Nesse salmo também está escrito sobre o Salvador: Não quiseste sacrifícios e oblações, mas abriste-me os ouvidos (Sl 39,7), ou, como disse São Paulo: Tu não quiseste sacrifício e ofe­renda, mas me formaste um corpo. Holocaustos e sacrifícios pelo pecado não foram do teu agrado. Por isso eu digo: Eis-me aqui – no rolo do livro está escrito a meu respeito – eu vim, ó Deus, para fazer tua vontade (Hb 10,5-7).
Assim, não se pode duvidar de que, nesse momento, o coração do Senhor estava cheio de fervorosos afetos, profunda obediência e ardente caridade para com Deus e os homens; e Ele certamen­te dizia: “Meu Pai, para isso nasci e para isso vim ao mundo, não para buscar descanso ou a minha glória, mas sim a Vossa glória e a salvação das almas que me confiastes. Os homens eram os réus, os acusados e os que seriam condenados em Vosso justíssimo tri­bunal; e, para livrá-los da justa e rigorosa sentença que receberiam, Eu me apresentei como réu e culpado no injusto tribunal dos homens, para ser condenado por eles. Recebei, Pai Eterno, essa sentença no lugar da que daríeis contra eles; que Eu, ino­cente e justo, seja condenado por eles, e que eles sejam liberta­dos e absolvidos por Mim, mesmo sendo culpados e pecadores”.

2. Pilatos, tendo cumprido o seu ofício, retirou-se para sua casa, e os soldados começaram a execução da sentença. Os sacer­dotes deram a ordem de como o julgamento deveria ser anuncia­do para toda a cidade, para as cidades vizinhas e aos forasteiros que estavam em Jerusalém para celebrar a Páscoa: que o gover­nador, depois de receber muitas informações, convencera-se dos embustes e dos delitos de Jesus, e ordenara que o crucificassem com outros dois ladrões. Por isso, havia uma quantidade extra­ordinária de pessoas na casa do governador, pois todos deseja­vam testemunhar esse notável acontecimento. Como o juiz já se ausentara, os soldados encarregaram-se do réu sentenciado, conforme relata o evangelho: Susceperunt autem Iesum – Eles to­maram Jesus (Jo 19,16), ou seja, os que executariam a sentença apoderaram-se Dele, conforme está escrito no salmo: Susceperunt me, sicut leo paratus ad praedam – Receberam-me como um leão prestes a devorar a sua presa (Sl 16,12).
A primeira coisa que fizeram foi tirar a púrpura (Mt 27,31; Mc 15,20) com a qual o tinham vestido para zombar Dele, e, caçoan­do, descobriram outra vez o seu corpo virginal, ensanguentado e marcado com muitos hematomas.

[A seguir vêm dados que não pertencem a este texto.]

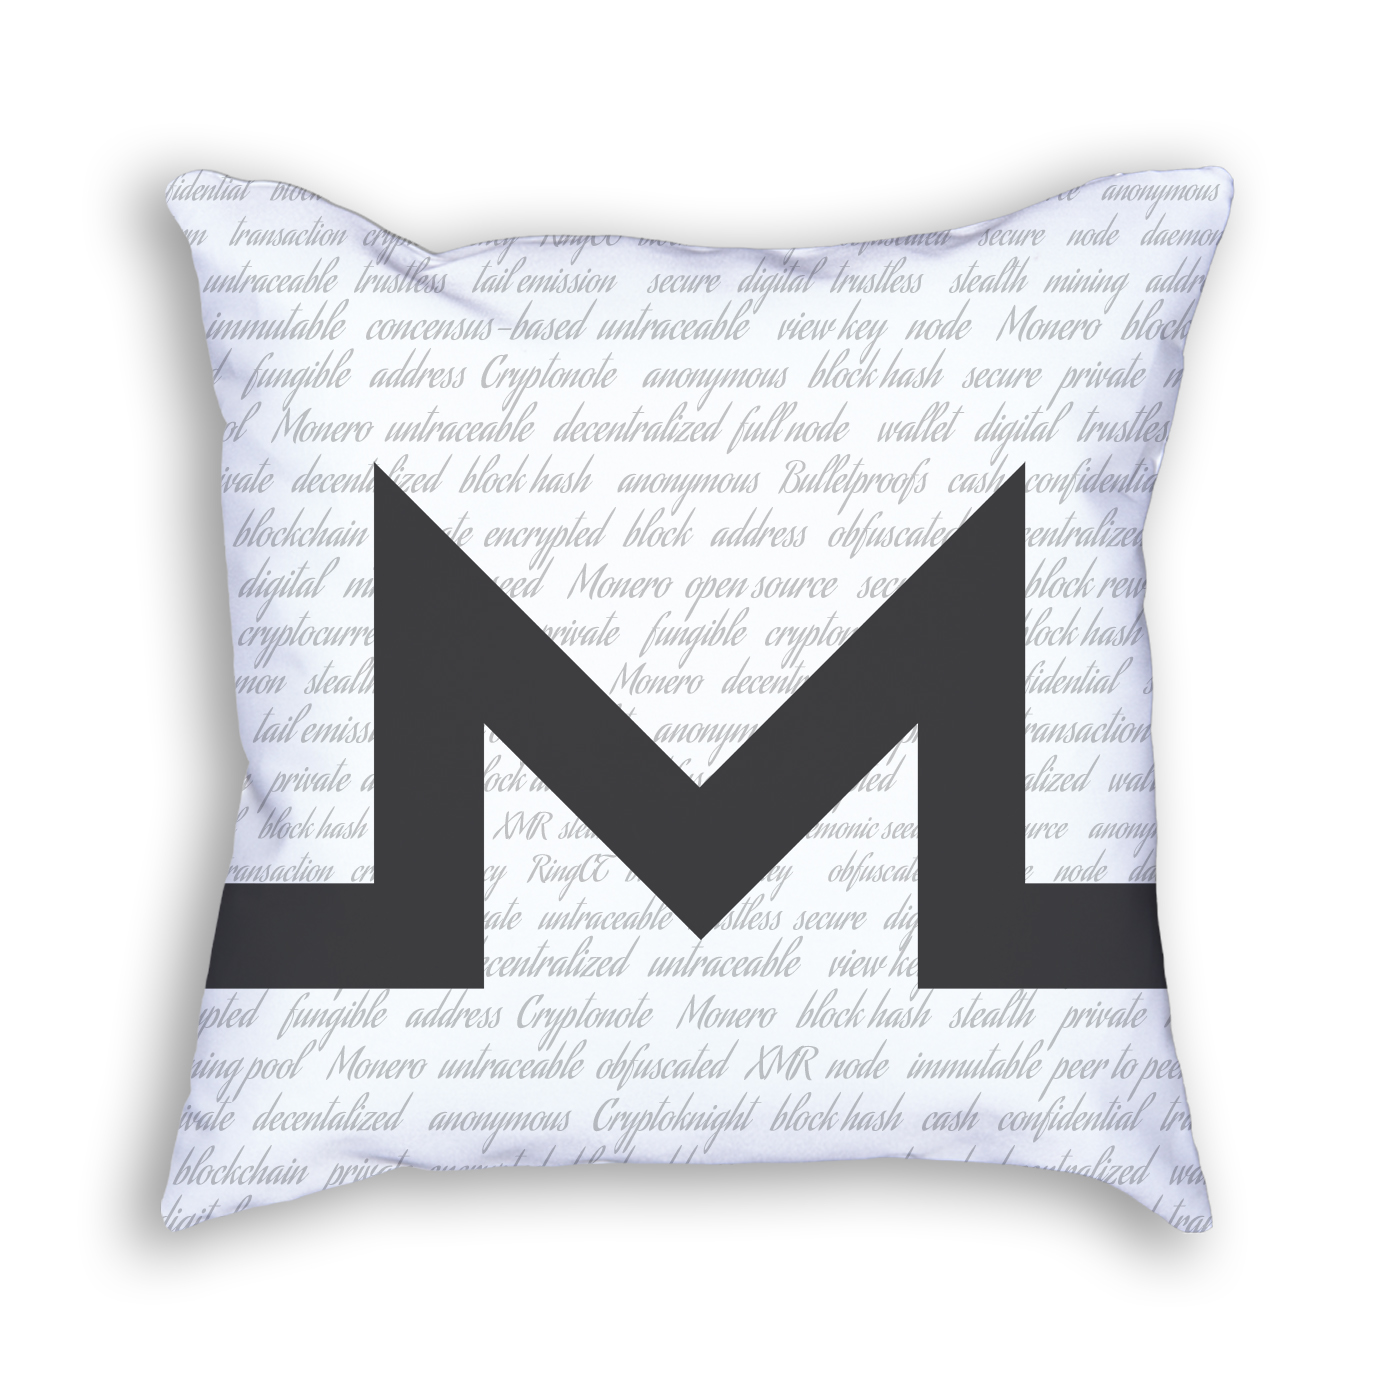 Monero Gray Pillow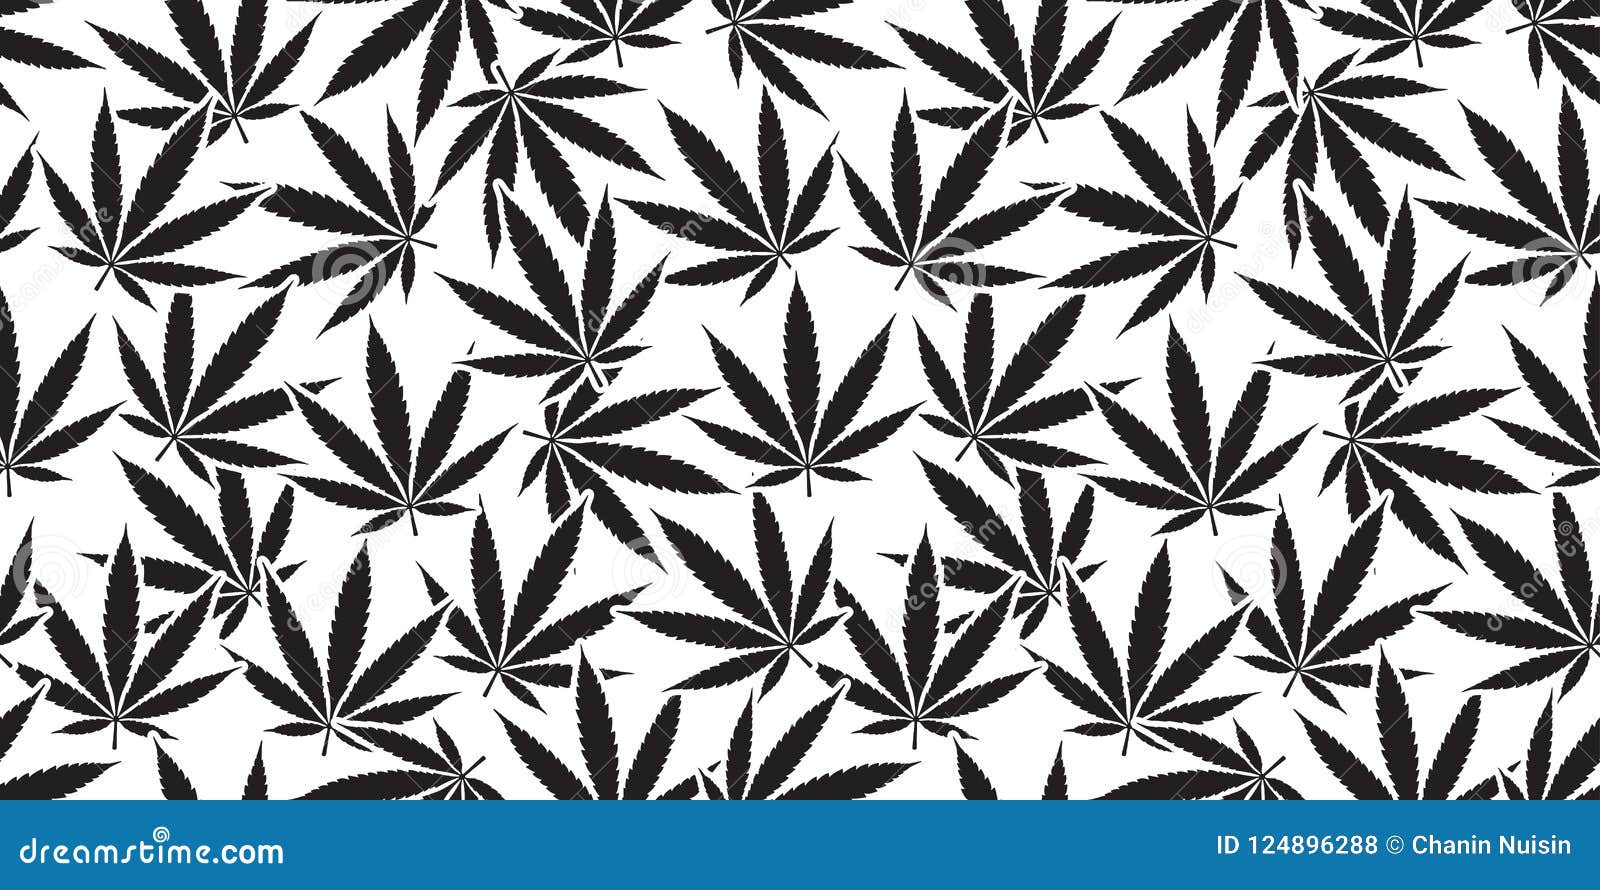 Weed Marijuana Cannabis Seamless Pattern Leaf Isolated

O Senhor quis dar-nos a tú­nica com a qual foi desonrado, marcada pelo seu sangue, como uma rica herança, para que nós fossemos honrados com ela, “de­sejando sofrer as injúrias, os falsos testemunhos e as afrontas, e sermos considerados loucos por parecer e imitar de alguma ma­neira o nosso Criador e Senhor Jesus Cristo”. Isso é “vestir as suas vestes e trajes, as quais Ele vestiu para nosso proveito espi­ritual, dando-nos o exemplo para que, em tudo o que for possível, mediante a sua divina graça, desejemos imitá-lo e segui-lo; pois Ele é o caminho que conduz os homens à vida”.
O Evangelho não diz se retiraram a coroa de espinhos; assim, provavelmente o Senhor permaneceu com ela, para seguir co­roado, como vítima agradável a Deus, para o altar da cruz. Não havia razão para tirar a coroa daquele que era Rei eterno e por todos os séculos. A capa vermelha foi retirada para vestir e hon­rar o seu corpo místico, mas a coroa deveria permanecer Nele, pois Ele é a cabeça desse corpo.
3. Depois de retirar a capa vermelha, cobriram-no novamente com as suas próprias vestes (Mt 27,31; Mc 15,20), para desonrá-lo ainda mais e para que o reconhecessem quando fosse levado ao suplício. A capa foi retirada com facilidade, pois, conforme dis­semos, possuía uma abertura na frente; mas a sua túnica era sem costuras e fechada, e era preciso vesti-la pela cabeça. Quem po­derá dizer com quanta crueldade e falta de piedade o terão ves­tido aqueles verdugos? A túnica teria ficado presa nos espinhos, e eles, com estirões, tentariam fazê-la passar, causando agudas dores ao mexer neles e fincá-los novamente na cabeça do Senhor. Tudo isso deve ter acontecido no pátio do pretório, onde os sol­dados zombaram Dele; e à porta estava a cruz, grande e alta, pois grande era o homem que seria posto nela e elevado da terra, (Jo 12,32), conforme Ele mesmo tinha dito.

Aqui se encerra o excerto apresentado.